> [RECORDED INFORMATION]

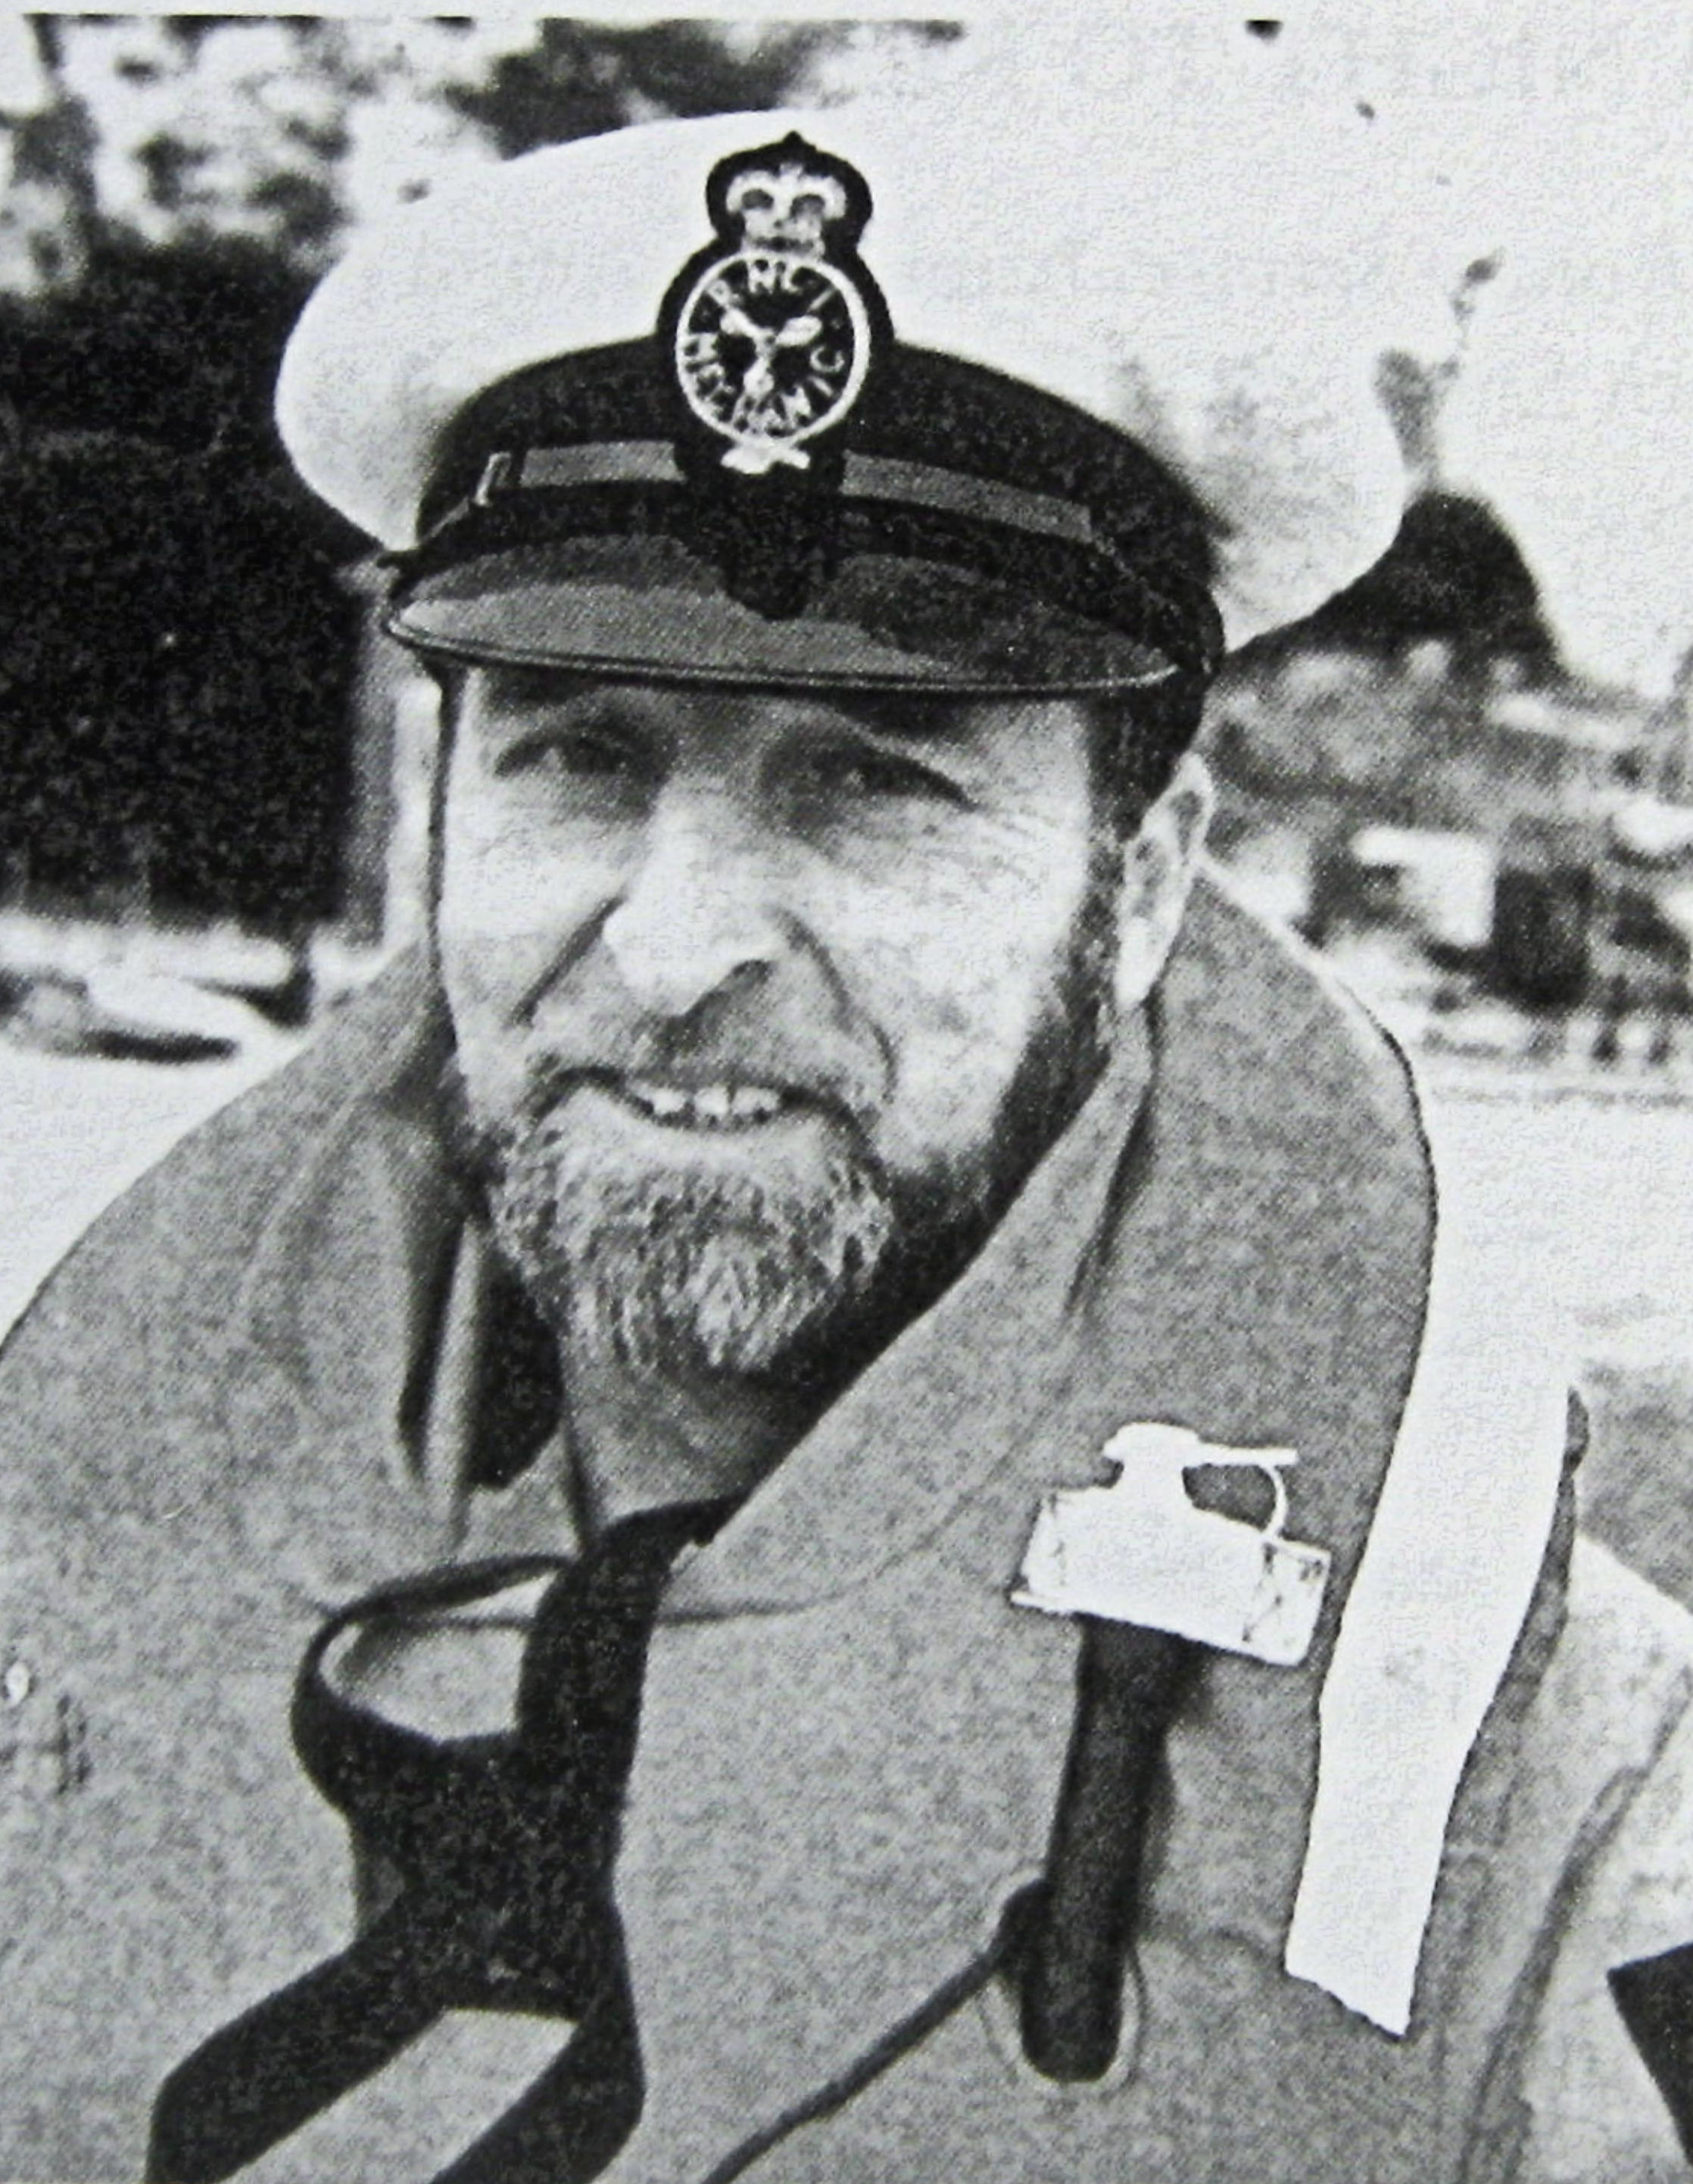 <b>Roy Couzens</b> - Lifeboat Second Coxswain Second Mechanic. Dover RNLI - th-couzens-roy-lifeboat-second-coxswain-second-mechanic
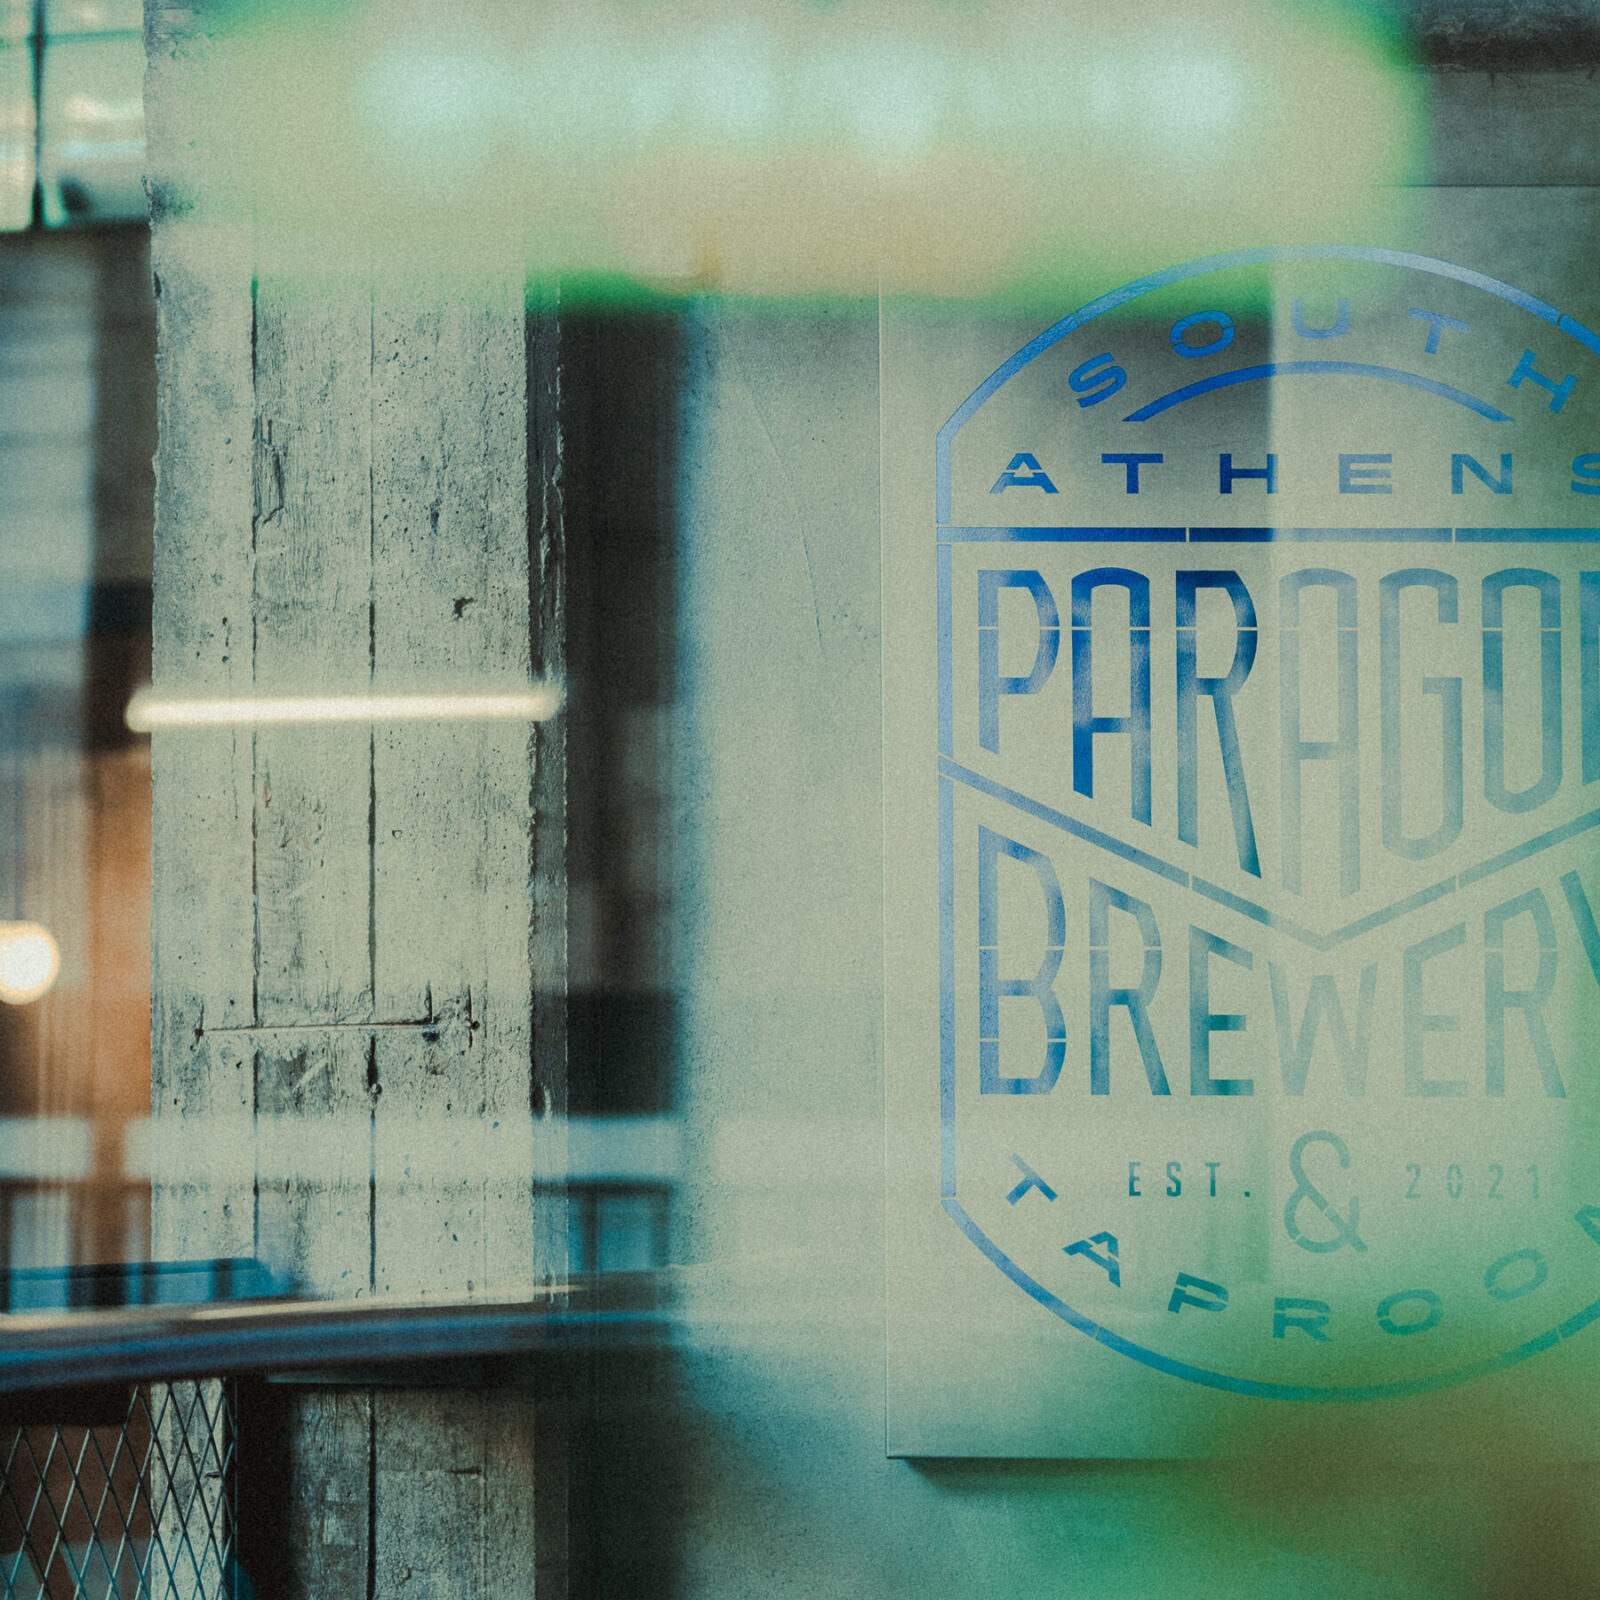 Archisearch Paragon Brewery & Taproom in Ilioupoli, Athens | Mado Samiou Architecture
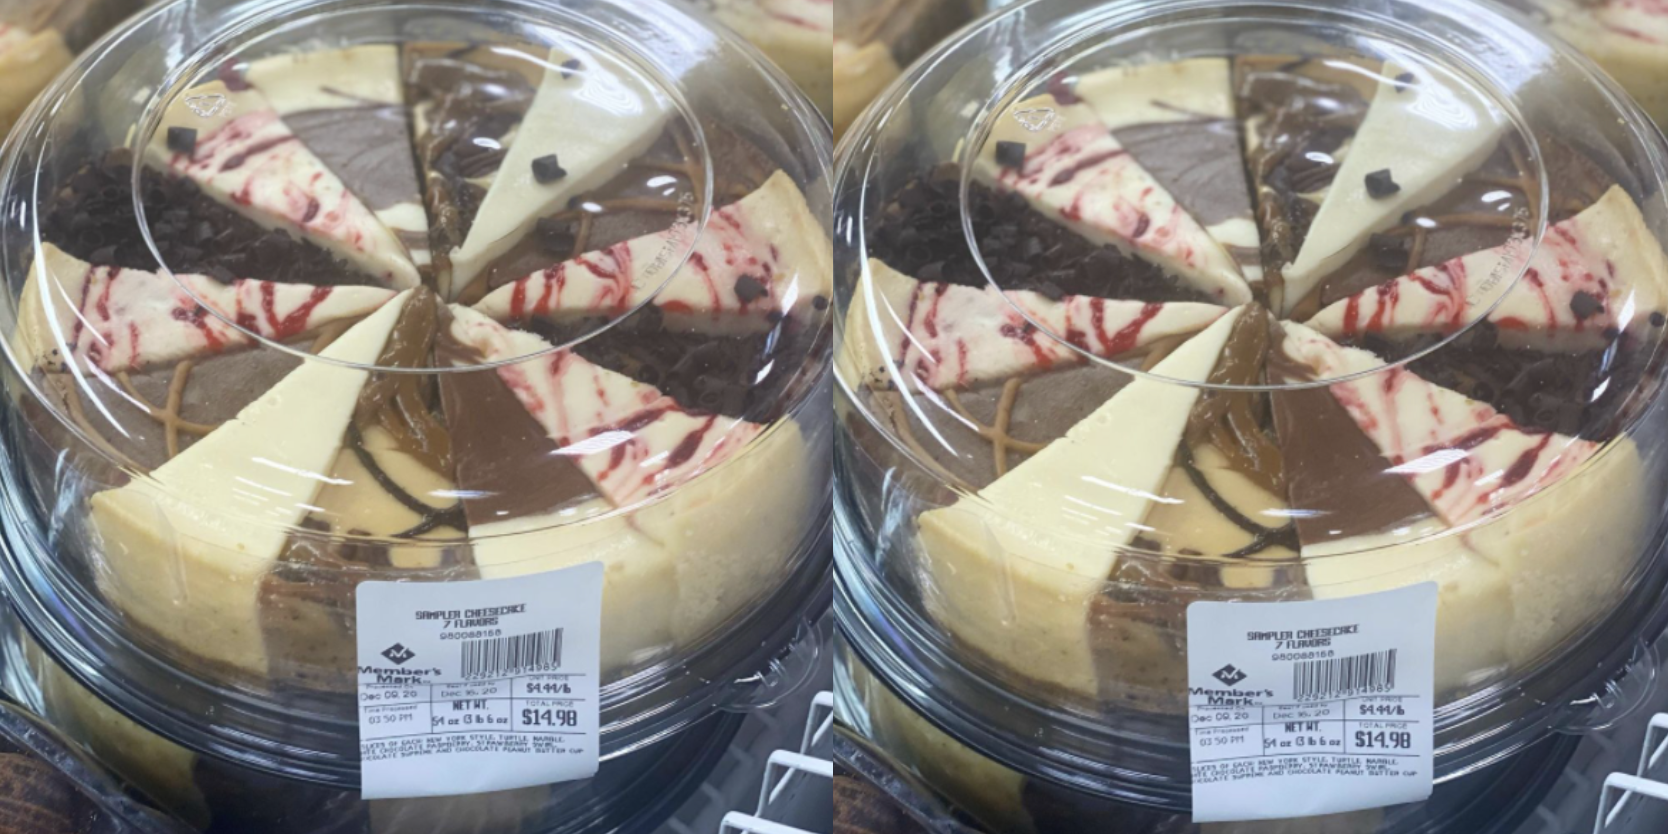 Sam's Club Is Selling A Cheesecake Sampler With 7 Flavors

> [TASK INSTRUCTIONS] The response must match the listing exactly, except that pictures are removed.

> [SOLUTION TO THE PROBLEM]
 <b>Roy Couzens</b> - Lifeboat Second Coxswain Second Mechanic. Dover RNLI - th-couzens-roy-lifeboat-second-coxswain-second-mechanic
 Archisearch Paragon Brewery & Taproom in Ilioupoli, Athens | Mado Samiou Architecture
 Sam's Club Is Selling A Cheesecake Sampler With 7 Flavors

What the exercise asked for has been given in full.